Write out an exact copy of the line containing "Via del Campo" and all lines that follow it in the data below, leaving out pictures.

**SUPPLIED INFORMATION**
■ ■ ■ ■ ■

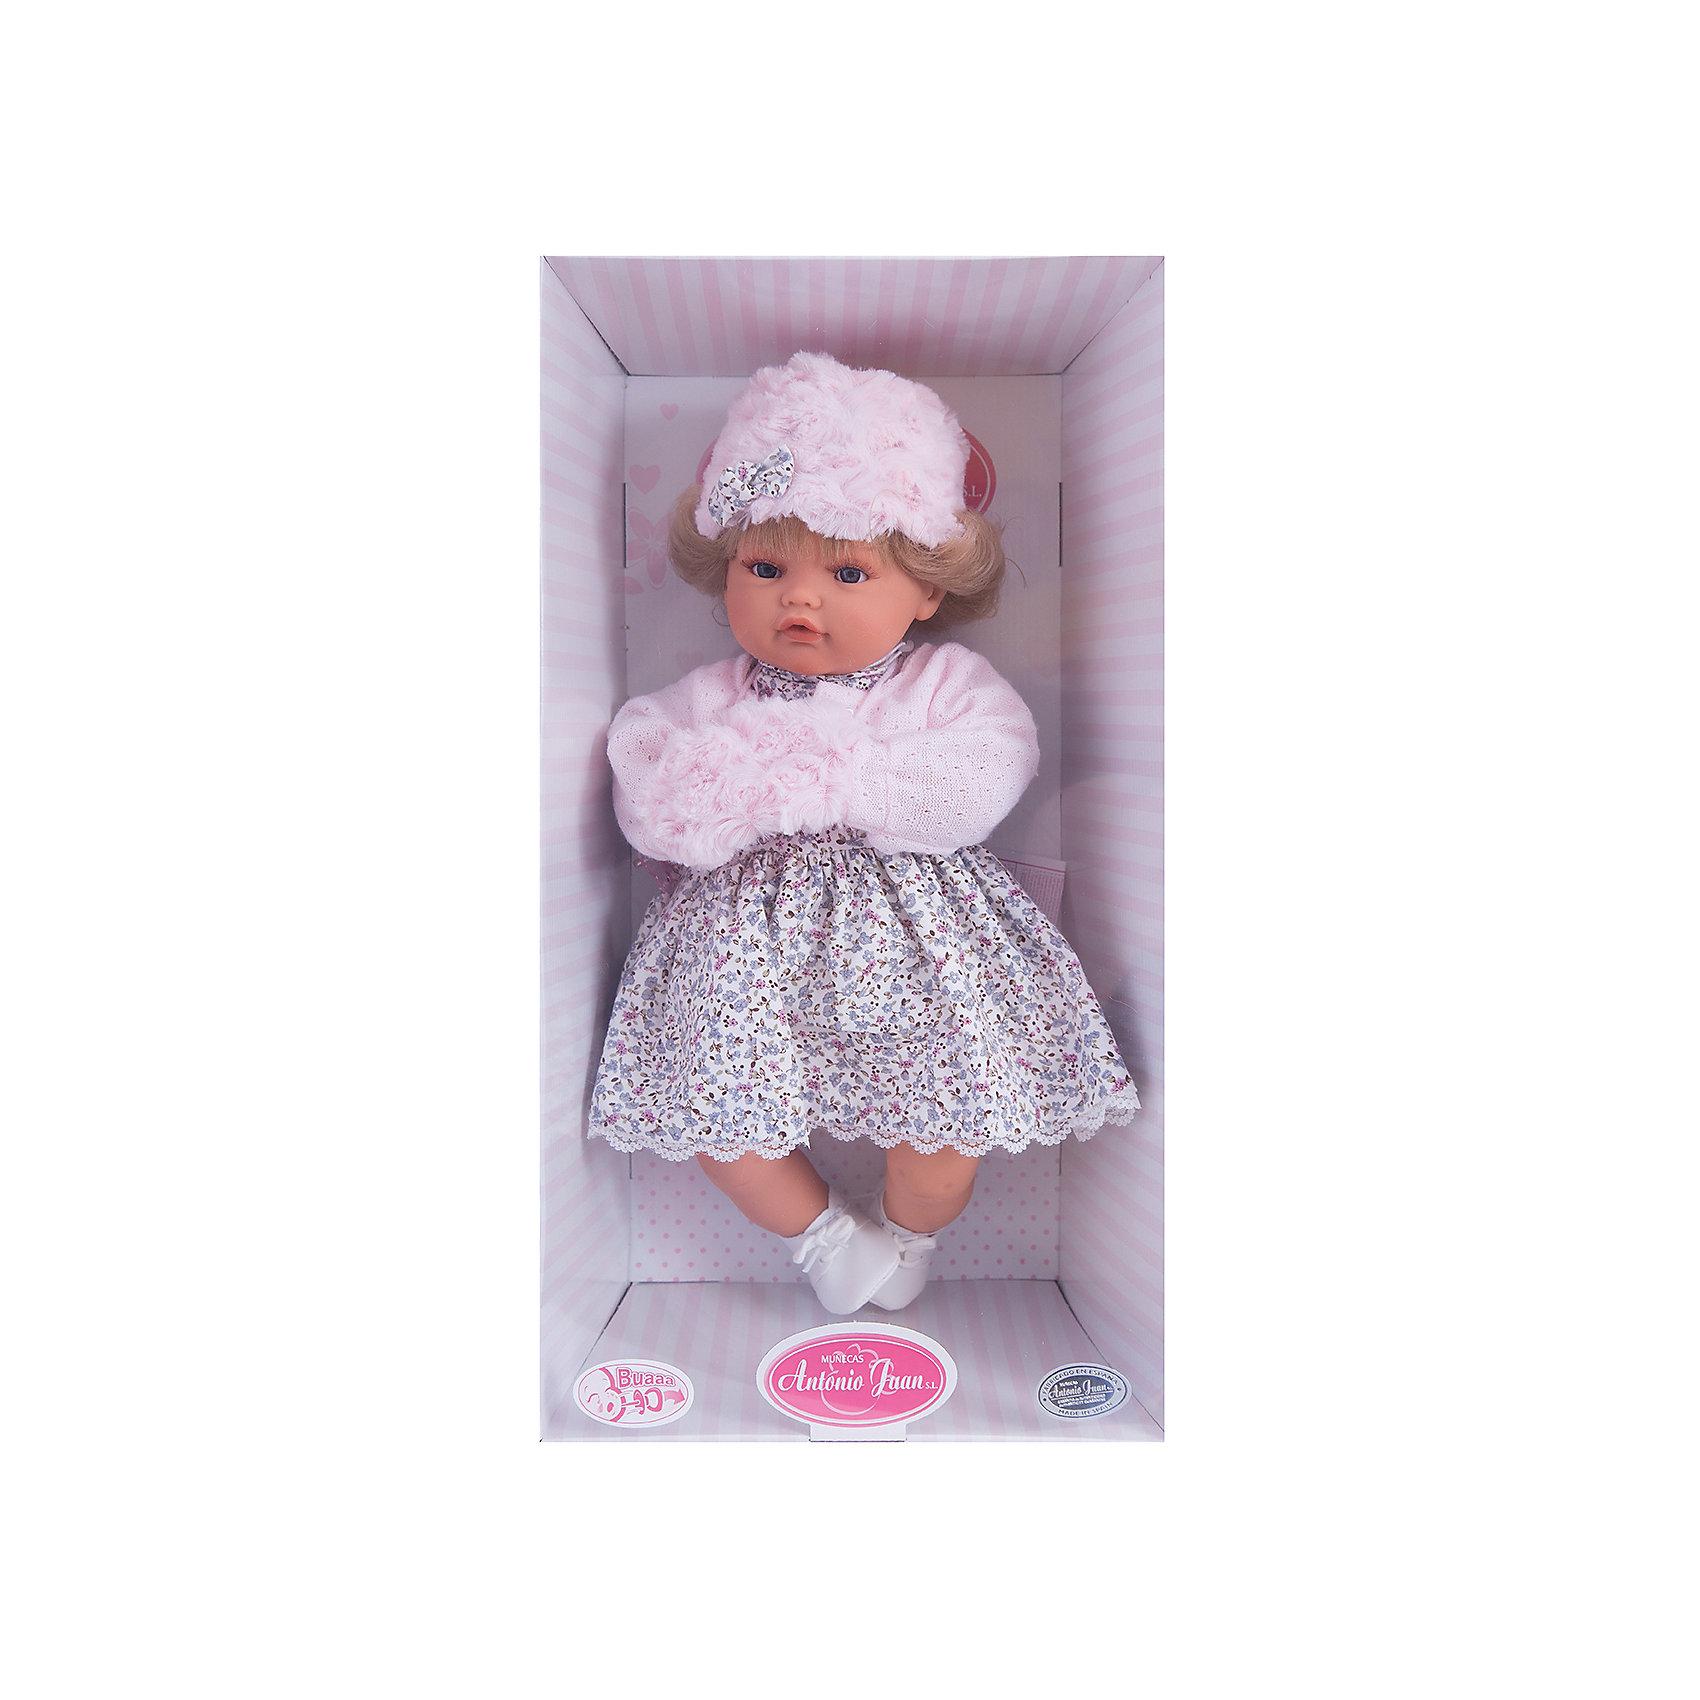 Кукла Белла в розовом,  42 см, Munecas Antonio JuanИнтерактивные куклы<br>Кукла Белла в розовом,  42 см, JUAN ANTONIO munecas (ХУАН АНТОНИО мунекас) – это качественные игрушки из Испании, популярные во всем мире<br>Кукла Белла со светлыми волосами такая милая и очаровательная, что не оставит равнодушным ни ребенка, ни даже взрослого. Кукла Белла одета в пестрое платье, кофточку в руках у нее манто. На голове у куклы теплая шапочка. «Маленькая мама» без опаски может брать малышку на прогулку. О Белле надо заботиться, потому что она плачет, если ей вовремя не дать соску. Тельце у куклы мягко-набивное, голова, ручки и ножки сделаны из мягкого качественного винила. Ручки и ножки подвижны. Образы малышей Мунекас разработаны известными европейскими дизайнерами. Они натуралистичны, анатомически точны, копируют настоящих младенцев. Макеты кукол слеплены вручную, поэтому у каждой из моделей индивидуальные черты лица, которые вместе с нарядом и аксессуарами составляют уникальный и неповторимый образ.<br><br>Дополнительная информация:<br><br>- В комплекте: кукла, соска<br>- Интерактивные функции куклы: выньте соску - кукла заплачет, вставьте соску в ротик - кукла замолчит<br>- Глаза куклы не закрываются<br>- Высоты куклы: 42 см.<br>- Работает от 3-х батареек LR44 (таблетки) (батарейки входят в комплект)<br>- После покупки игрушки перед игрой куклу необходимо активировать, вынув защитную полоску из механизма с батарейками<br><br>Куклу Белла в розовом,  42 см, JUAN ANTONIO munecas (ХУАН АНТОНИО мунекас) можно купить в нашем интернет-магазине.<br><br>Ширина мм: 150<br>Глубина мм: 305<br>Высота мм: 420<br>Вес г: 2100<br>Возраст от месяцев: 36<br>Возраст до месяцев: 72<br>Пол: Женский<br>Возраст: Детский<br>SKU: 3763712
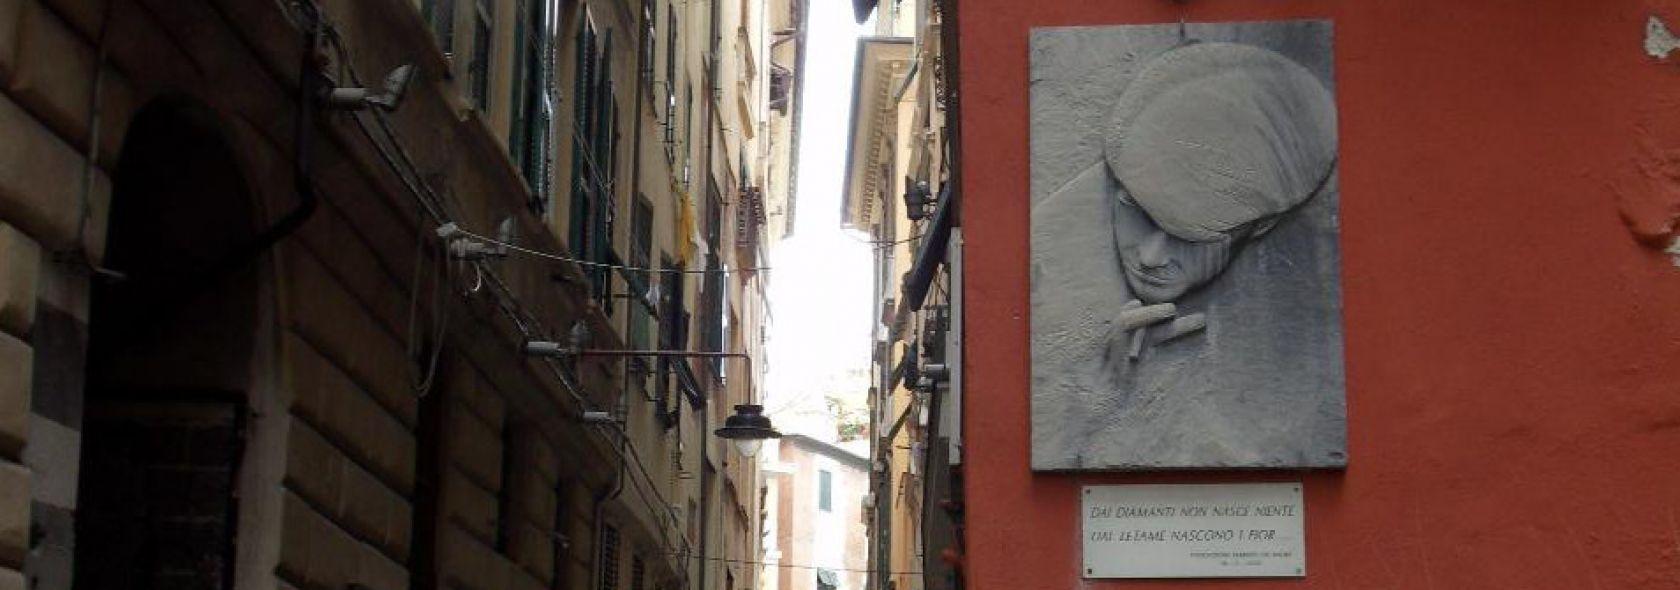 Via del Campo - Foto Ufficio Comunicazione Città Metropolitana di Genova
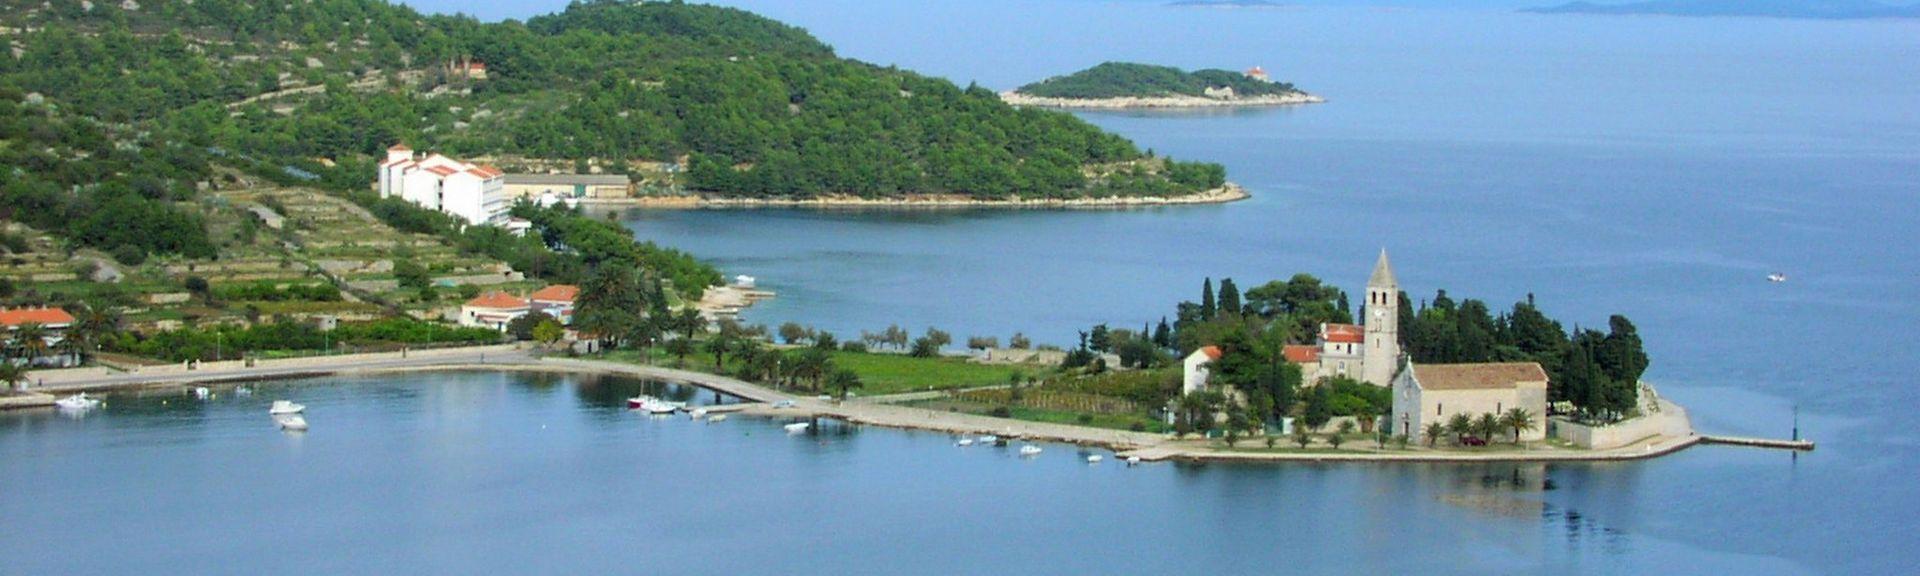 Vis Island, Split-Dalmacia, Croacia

■ ■ ■ ■ ■

**EXERCISE SOLUTION**
 Via del Campo - Foto Ufficio Comunicazione Città Metropolitana di Genova
 Vis Island, Split-Dalmacia, Croacia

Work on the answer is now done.